The current version of the Linux driver has been thoroughly tested on Red Hat
8.0 and 2.1 AS Linux distributions for i386 and other similar Linux distributions
using 2.4.x kernels.
The Linux driver is released in three packaging formats: source RPM, binary
RPM (Red Hat distributions only) and compressed tar formats. The file names
for the three packages are bcm5700-<version>.src.rpm, bcm5700-<version>.i386.rpm
and bcm5700-<version>.tar.gz, respectively. Identical source files to
build the driver are included in both RPM and TAR source packages. The tar file
contains additional utilities such as patches and driver diskette images for
network installation.
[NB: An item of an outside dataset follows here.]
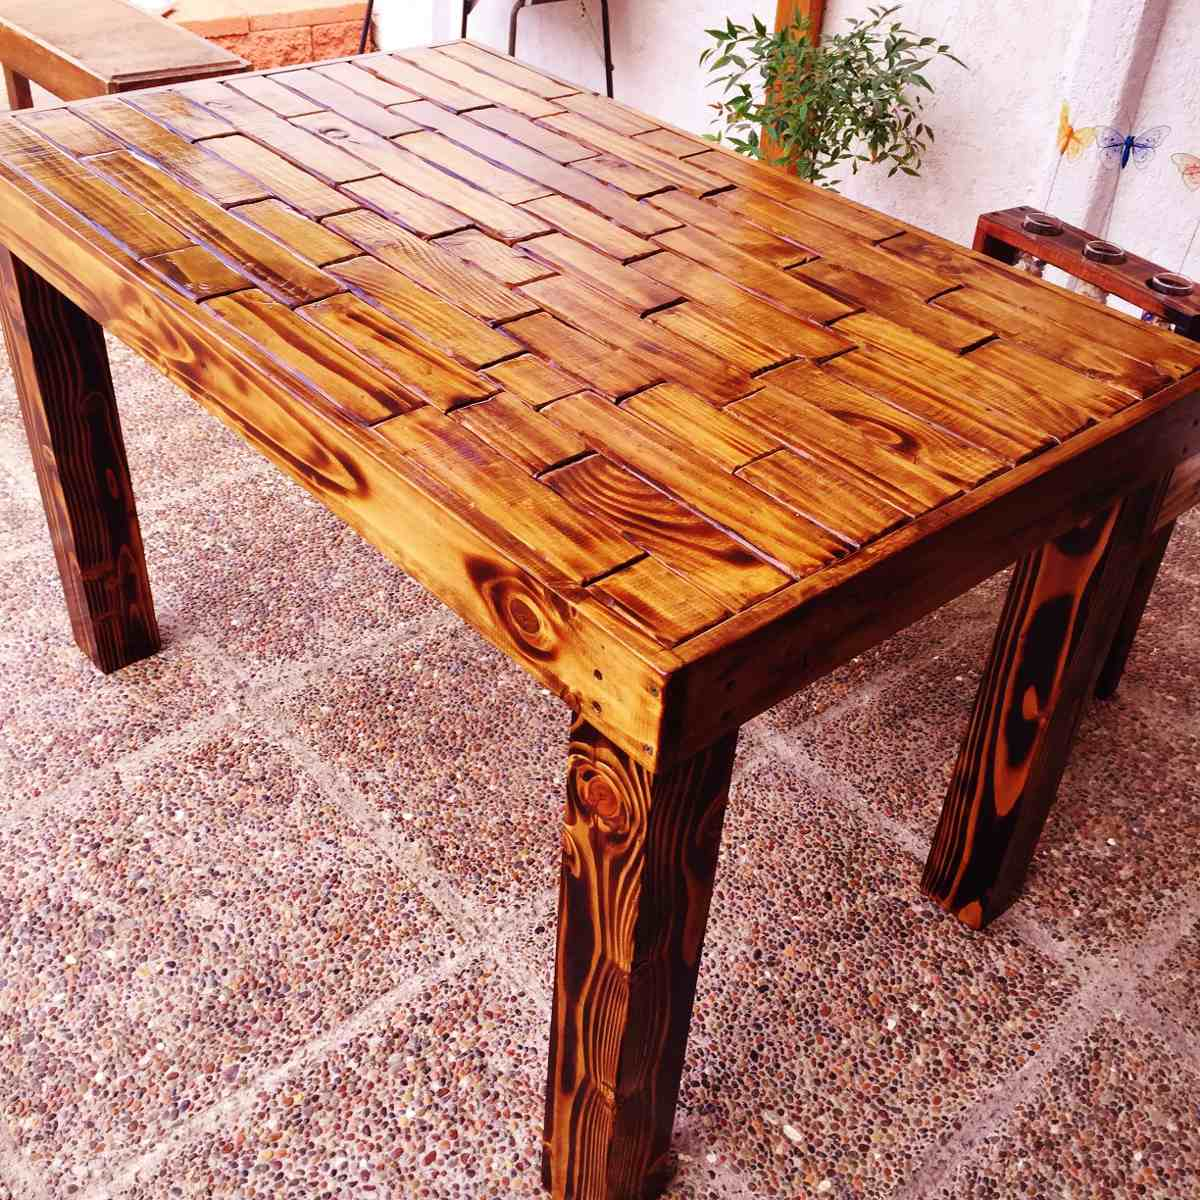 Mesa de madera rustica 150x80x75 en mercado libre for Mesas esquineras de madera

The Binary RPM contains only the pre-compiled object file
for Red Hat 8.0 and 2.1 AS distributions.
The section describes the following Linux driver installations:
rpm -ivh bcm5700-<version>.src.rpm
cd /usr/src/{redhat,OpenLinux,turbo,packages,rpm
..}
rpm -bb SPECS/bcm5700.spec or rpmbuild -bb SPECS/bcm5700.spec
Note that the RPM path is different for different Linux distributions.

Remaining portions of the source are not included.